When I was growing up, there was a shining pillar of frugality in my life. She exuded her standards quietly, without drawing attention, but as I got older I came to realize just how powerful they were.
She was a stay-at-home mother. Her husband had a nice job that (I assume–I never asked) made plenty of money. Her children and I were friends. But when we all went shopping together, we’d always go to discount stores and use coupons. It confused me as a kid. They didn’t need to shop at these stores for food, clothes, or everyday items. But they did. And they did it happily.

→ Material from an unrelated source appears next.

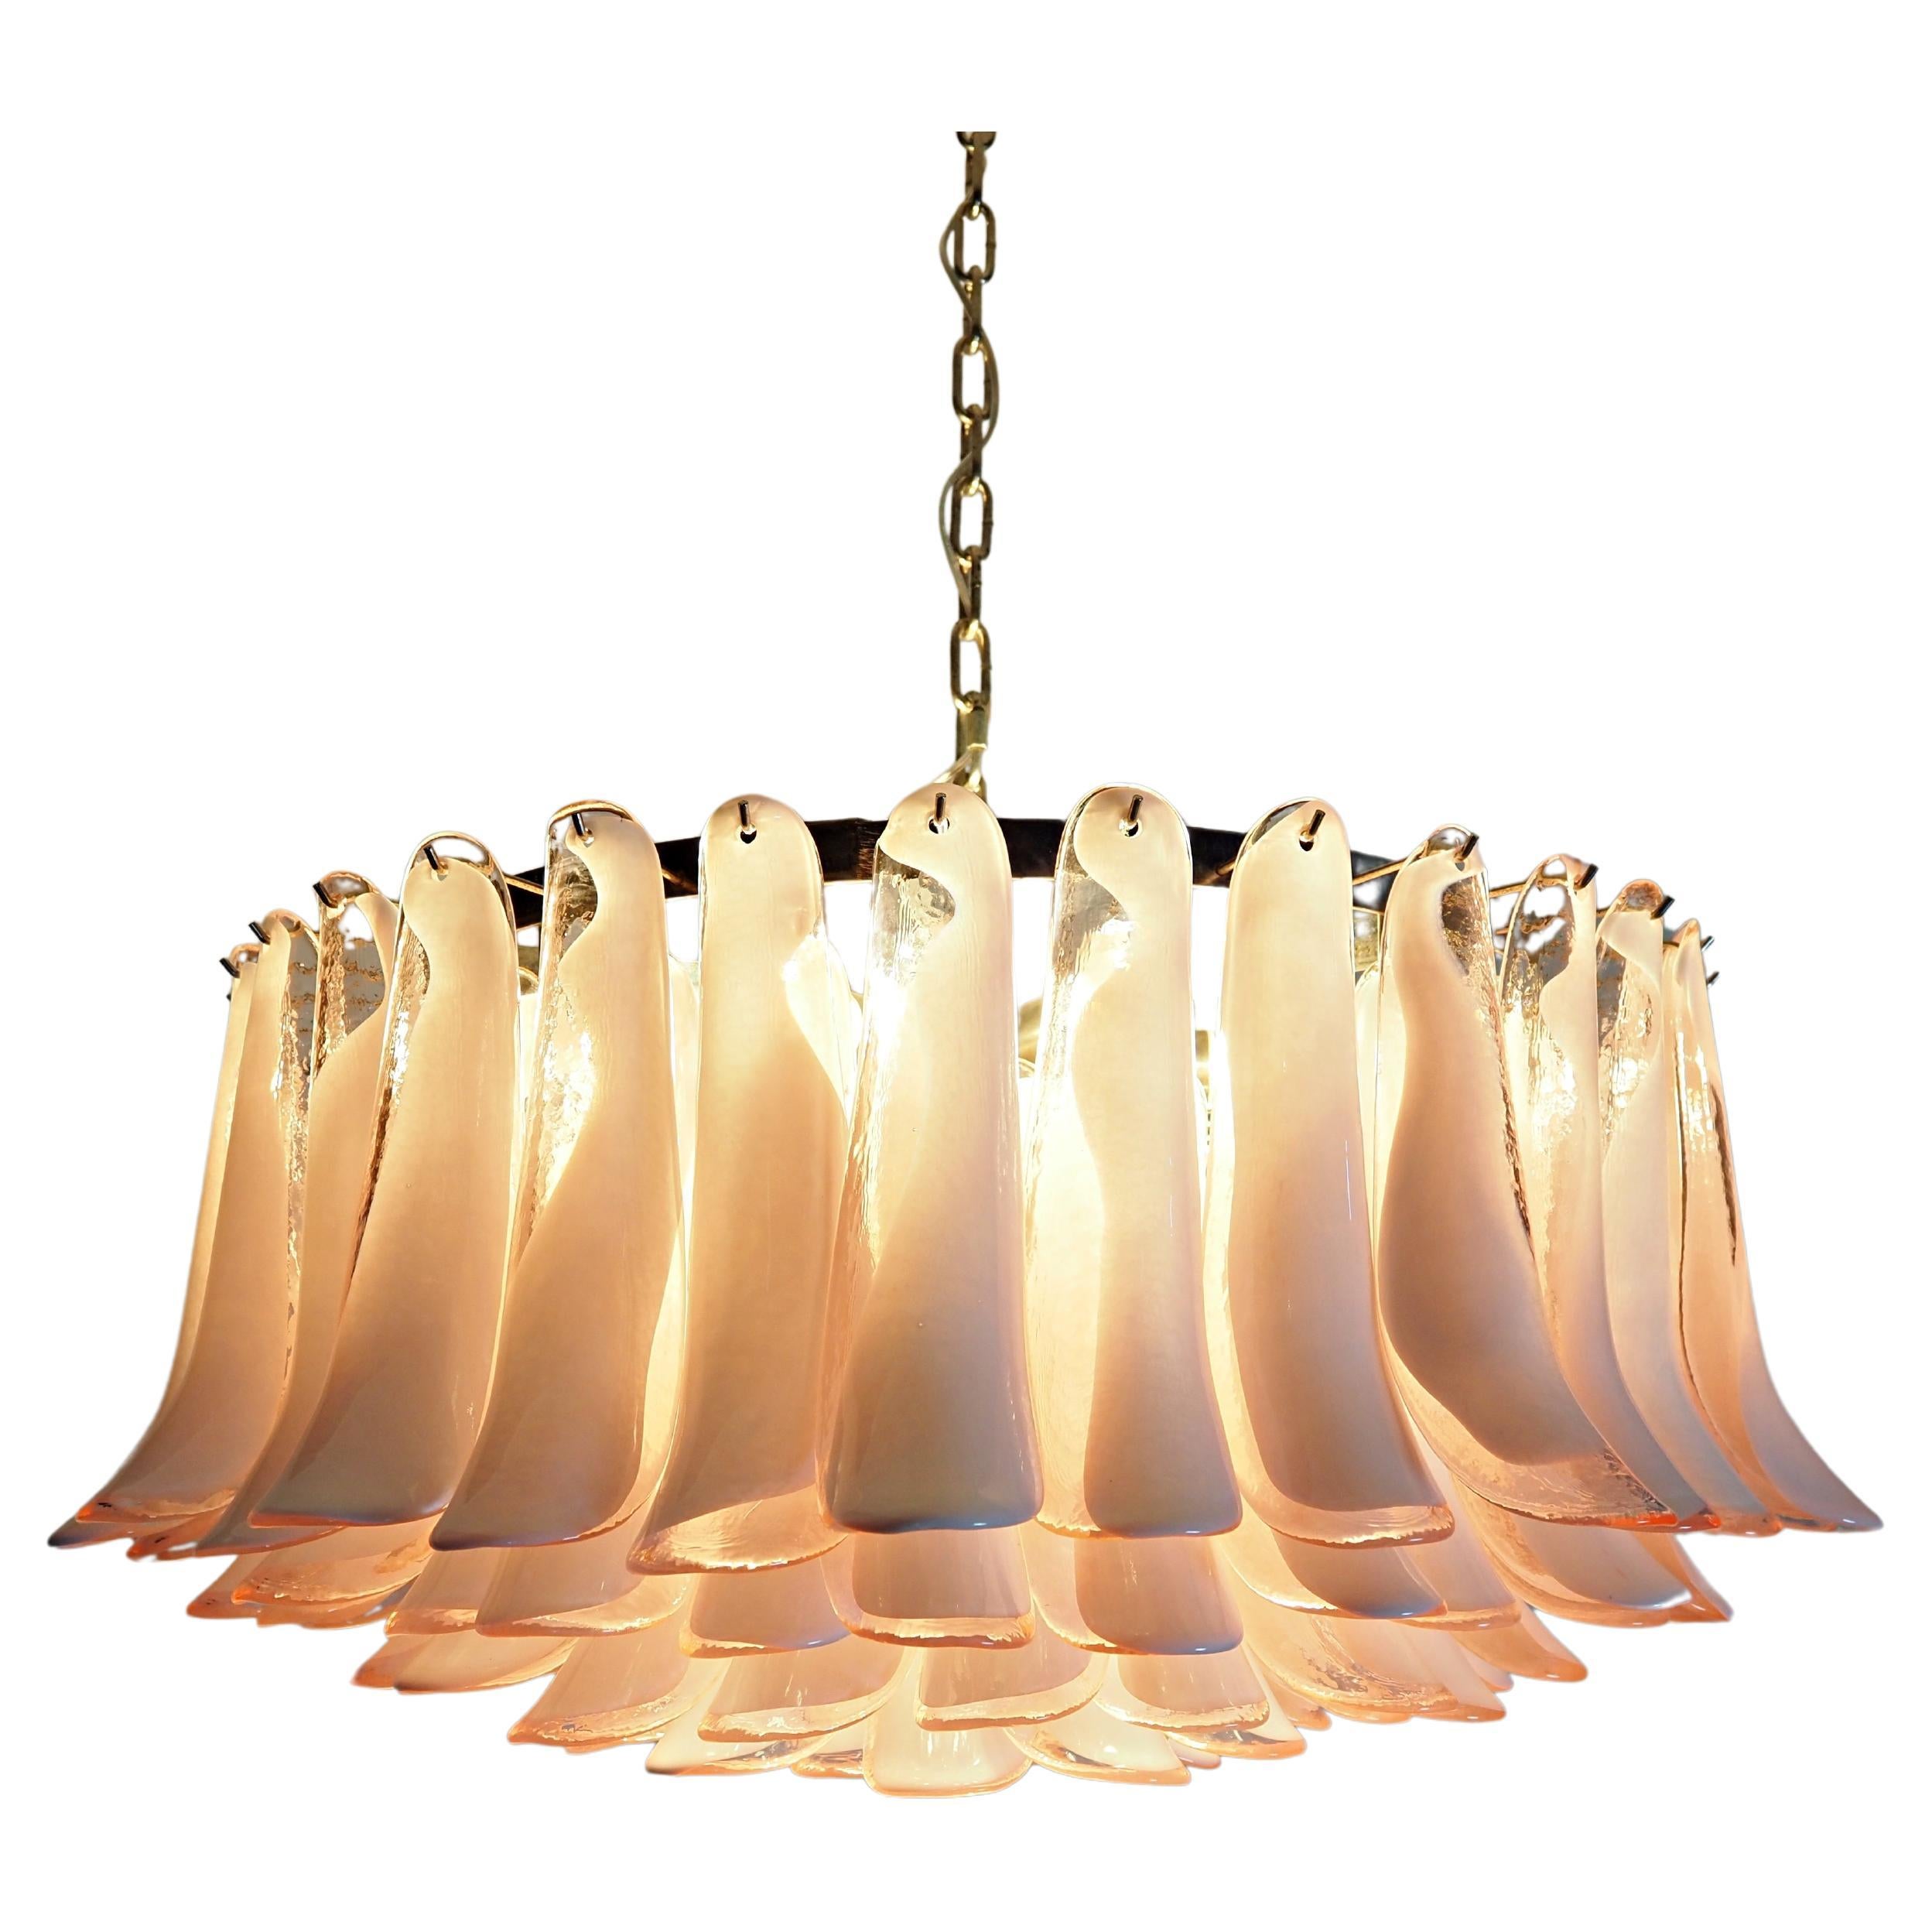 Italian vintage chandelier in Murano glass and nickel plated metal structure. The armor polished nickel supports 101 glass petals (pink and white “lattimo”) that give a very elegant look. Can be used as a chandelier with chain, or as a ceiling

As her children got older, moved away and started having families of their own, I came to realize what their family did spend money on: family. While brand-name clothing wasn’t on the shopping list, this woman wouldn’t bat at eye at flying across the country to visit a grandchild, take care of one of her own, grown, adult children when they fell ill, or to go to a birthday party.
And I think that’s kind of beautiful. Her example not only taught me what mattered in her life, but it also taught me that in order to be able to afford the things that really matter, you may have to give up some of the things that really don’t. When you have the right perspective, giving those things up isn’t a sacrifice; it’s an active and rewarding choice. She also didn’t have a personal finance blog, which makes me question my own vanity-levels as her simple example taught me more than any preaching could have done.
But there was some preaching.
We also went to the same church, and on occasion she’d teach my Sunday school class. In the religion of my youth, you didn’t go around asking people about their income, but you were taught sound money habits as a matter of spirituality from a young age.
Her lessons stuck with me. I received 52 over the course of every single year, and hers are the ones that I still remember. Her father was also a very frugal man. At several points in their family’s life, something bad happened. A job was lost. A medical emergency came up. What could have been chaos crept up on them as it does at certain points in all of our lives.
But their family didn’t suffer monetarily at any of these times. They had the financial means or opportunities to obtain those means because her father abode by the adage, “Don’t put all of your eggs in one basket.” He always had a side hustle going on. They always had savings. They were always okay. And there was all kinds of peace that came from that knowledge.
My egg shortage.
Like I said, I’ve always remembered her lessons. As I became an adult myself, I tried to live them. I’ve tried to always have something going on on the side. While it’s sometimes been a struggle, I’ve tried to always have a decent emergency fund. I’ve tried to diversify my baskets so that everything will be okay always.
Recently, I came to the realization that I have a lot of baskets. Like a lot. They’re labeled “Family,” “Work,” “Side-hustle Blogging,” “Health Insurance,” “Car Insurance,” “Professional Development,” “Tutoring,” and so on into oblivion.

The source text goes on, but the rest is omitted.